いろいろな状況はあるだろうが、昨今の「球数制限」への問題意識の高まりによって、有力校は複数の投手を用意するようになっているのだろう。
あるいは高野連側から「球数を考えて投げさせろ」という指示があったかもしれない。
高校野球の監督は自軍の投手の球数をカウントしていない、という話もあるが、どうなのか。

全体として「分業」が進むのは悪いことではない。何といっても投手の健康面ではよいことだ。
しかしながら、この動きと「球数制限導入」の是非は、全く別物だ。

おそらく高野連側からは「ここまで分業が進んでいるのだから、わざわざ球数を制限しなくてもいいだろう」という理屈が出てくると思うが、それは全く違う。



拙著「球数制限」で氏原英明さんが語った通り「選手の健康を考えて投手を変える監督なんか、一人もいない」のだ。
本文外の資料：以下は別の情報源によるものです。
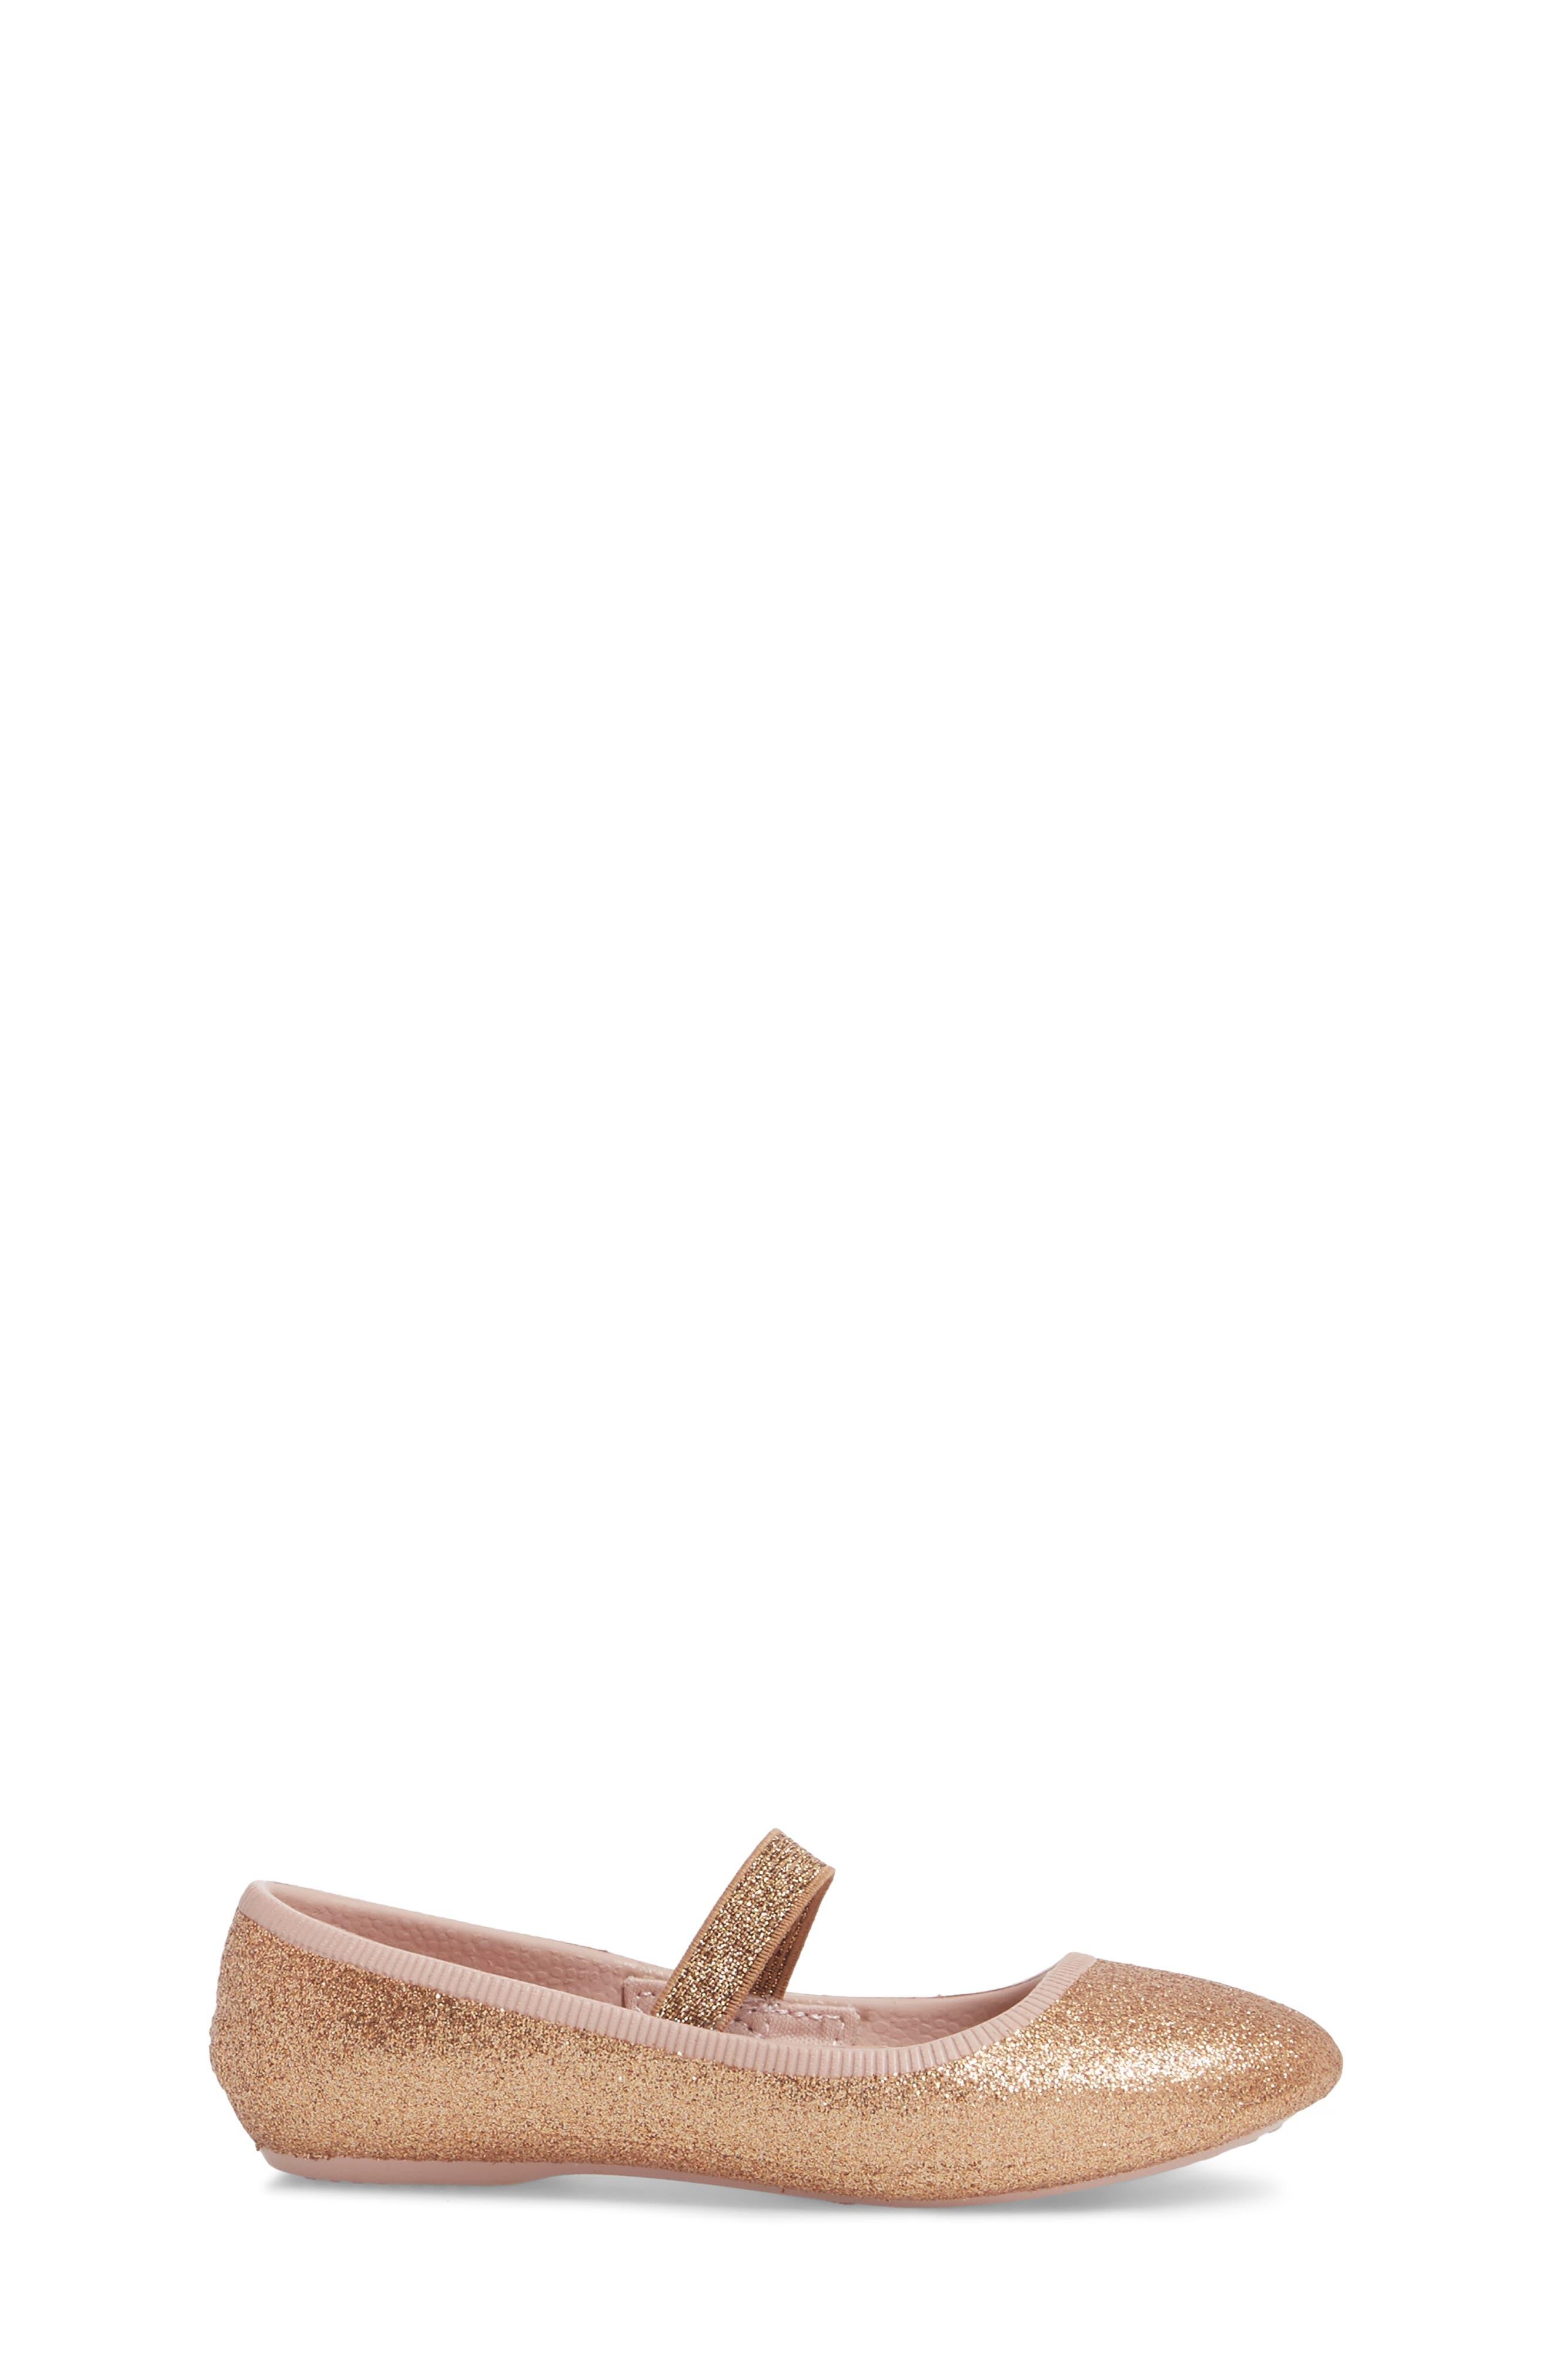 NATIVE SHOES, Margot Bling Glitter Vegan Mary Jane, Alternate thumbnail 3, color, ROSE GOLD BLING

ひょっとすると大船渡の國保監督はその嚆矢かもしれないが。
多くの監督は「1人では勝てなくなった」から複数の投手を使っているだけだ。
だから、どうしても投手を続投させなければ勝てない状況になれば、球数に関係なく投手に投げさせるはずだ。「勝つ」ことの方が「選手の健康」より優先するのだから。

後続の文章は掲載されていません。